Z41%20McClicky%20relative%20output.png


In two of the comparisons, the Z41 and the McClicky perform very similarly, with the output of the McClicky equipped light being, on average, only about 1.5% higher than with the Z41 on the same light (σ ≈ 3.6%), with the Z41 outperforming the McClicky in 4 of 10 readings.

However, in one of the comparisons, the difference between the two tail caps is significant. Why is that? It seems strange that a switch comprised of a spring and a chunk of aluminum could perform so badly. What, exactly, caused the results?

Possibilities include:

Experimental error. Perhaps the readings were incorrect. The Z41 might not have been screwed down completely, making less than optimal contact with the flashlight body and/or cell. Maybe there was a small piece of debris preventing good contact. Perhaps the host and Z41 were significantly warmer when the Z41 was tested than when the McClicky was tested.

Battery length. The tests were done using a SureFire 6P, which, in conjunction with the Z41, was designed specifically for two times CR123A cells.

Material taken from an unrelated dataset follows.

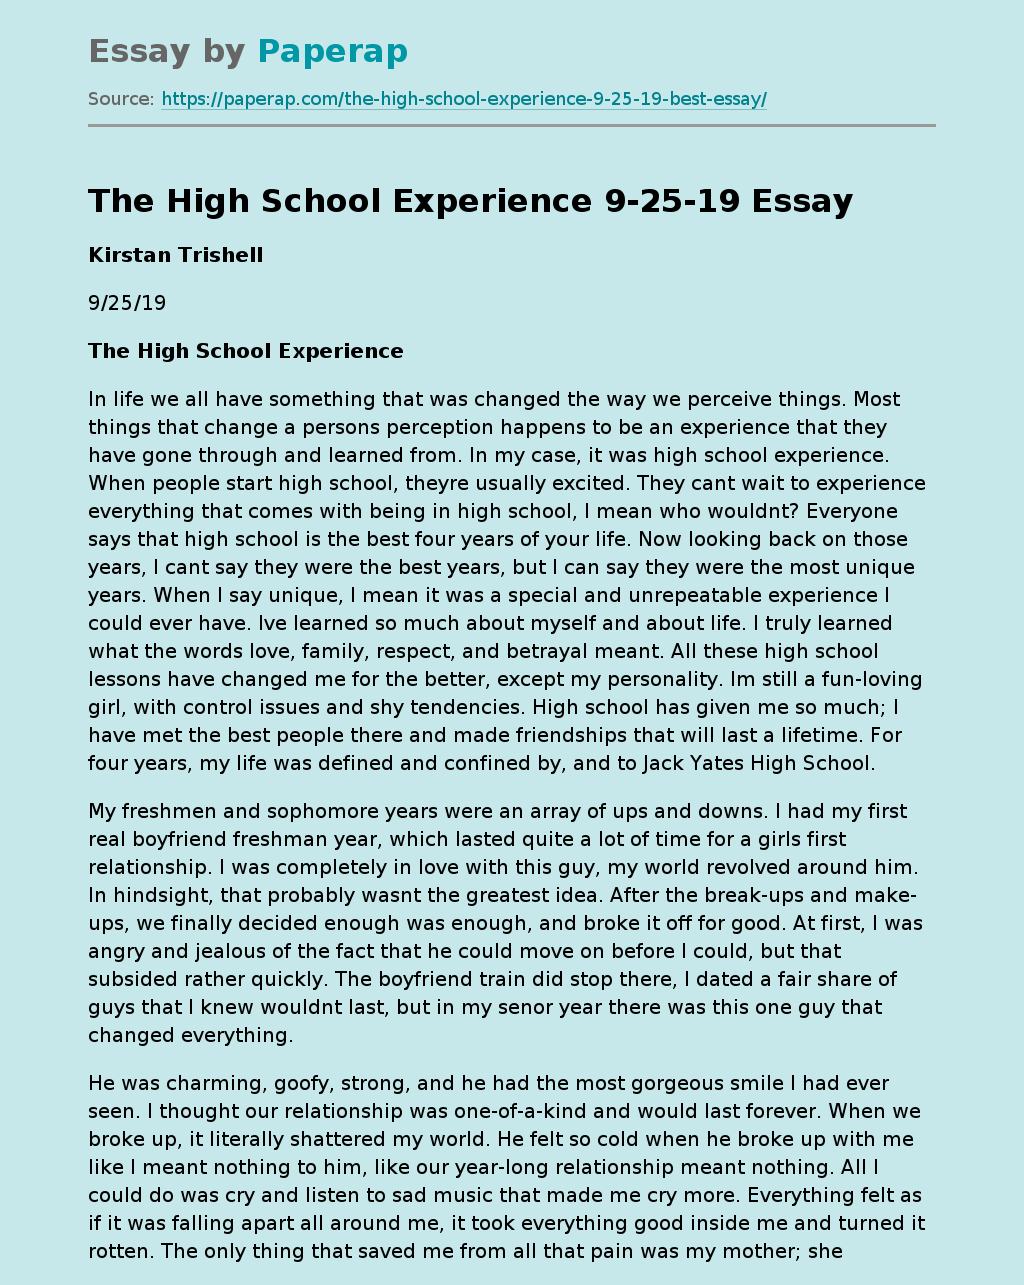 The High School Experience 9-25-19

These two cells combine for a 69 mm length. I was unable to find the length for an AW IMR18650 cell, but an AW P18650 has a length between 67.9 and 68.5 mm. Without a protection circuit, I would expect the IMR cell to be slightly shorter. The Z41 may simply not get as much contact with the IMR18650 as it does with the primaries it was designed for.

Damaged or faulty Z41. It could be that the tail cap used had a spring that had been shortened slightly from heat in high current applications, rendering it unable to get optimal contact between the spring and the cell.

Too much current. The highest current draws I was able to find in this post for a SureFire approved configuration on the Z41 was 3.7 A, but that was with 4x CR123A cells. While the Nailbender SST-90 drop-in was drawing a current of 4.91 A at the tail, it was from a single 3.6 V cell. Would the performance limits of the tail cap be dictated by current rather than power?

Obviously, multiple factors could have combined to cause the results shown by the test.

The sample size of the comparisons is too small and the results too inconsistent to draw any firm conclusions about the performance of the Z41. The results do, however, raise some interesting questions.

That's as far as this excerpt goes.